Ваниль смешалась с удушливым запахом крепких духов.
— Вас, я вижу, удивляет мой рот. — Девушка улыбнулась и коснулась рукой шрама, стягивающего уголок губ. — Поскользнулась на пролитом белке. Ударилась об угол противня. Оперировал не самый лучший хирург.
— Шрам вас не безобразит. — Лионгина чуть ли не вину испытывала за ее кривоватый рот.
— Сама знаю, что не красавица. Теперь о деле.
— Каком деле?
— Объявление, ваше объявление!
— Видите ли, я еще не окончательно…
— Ладно, ладно. Все по-людски, все понятно. Выкладывайте свой товар. Посмотрим.
— Как вы сказали? Товар?
— Вы продавец, я покупатель. Не за красивые же глазки жить принимаете?
— Не знаю, с чего и начать.
— Не стесняйтесь! Придется выводить собаку? Согласна. Кормить ондатровую ферму? Согласна. Ночую на складе пекарни, среди мешков и ящиков.
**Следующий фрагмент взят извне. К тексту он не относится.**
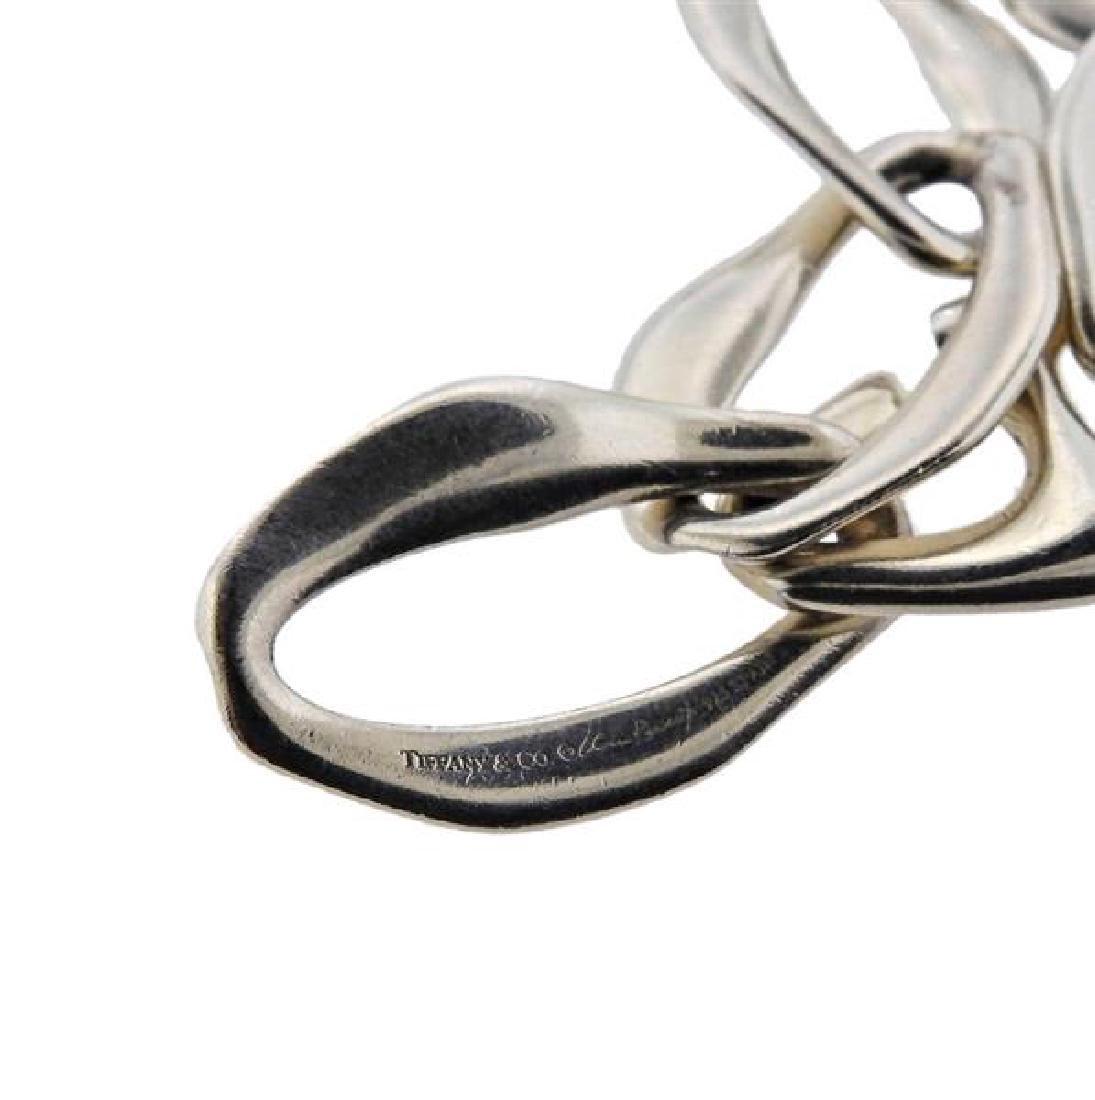 Tiffany & Co Peretti Aegean Silver Link Necklace - 3

— Придется ухаживать, ну, присматривать за моей матерью.
— Ясно, ясно. — Поблуждав, на губы вернулась удовлетворенная, обеих их уравнивающая улыбка. — Когда вселяться?
— Посмотрим, подумаем. — Лионгина тянула, будто ожидала помощи.
— Мне надо сразу же! — Ротик кондитерши плотно сомкнулся.
— Она, знаете ли, делает под себя.
— Ясно.
— И парализована, имейте в виду.
— Другого и не ожидала. Сегодня же перееду.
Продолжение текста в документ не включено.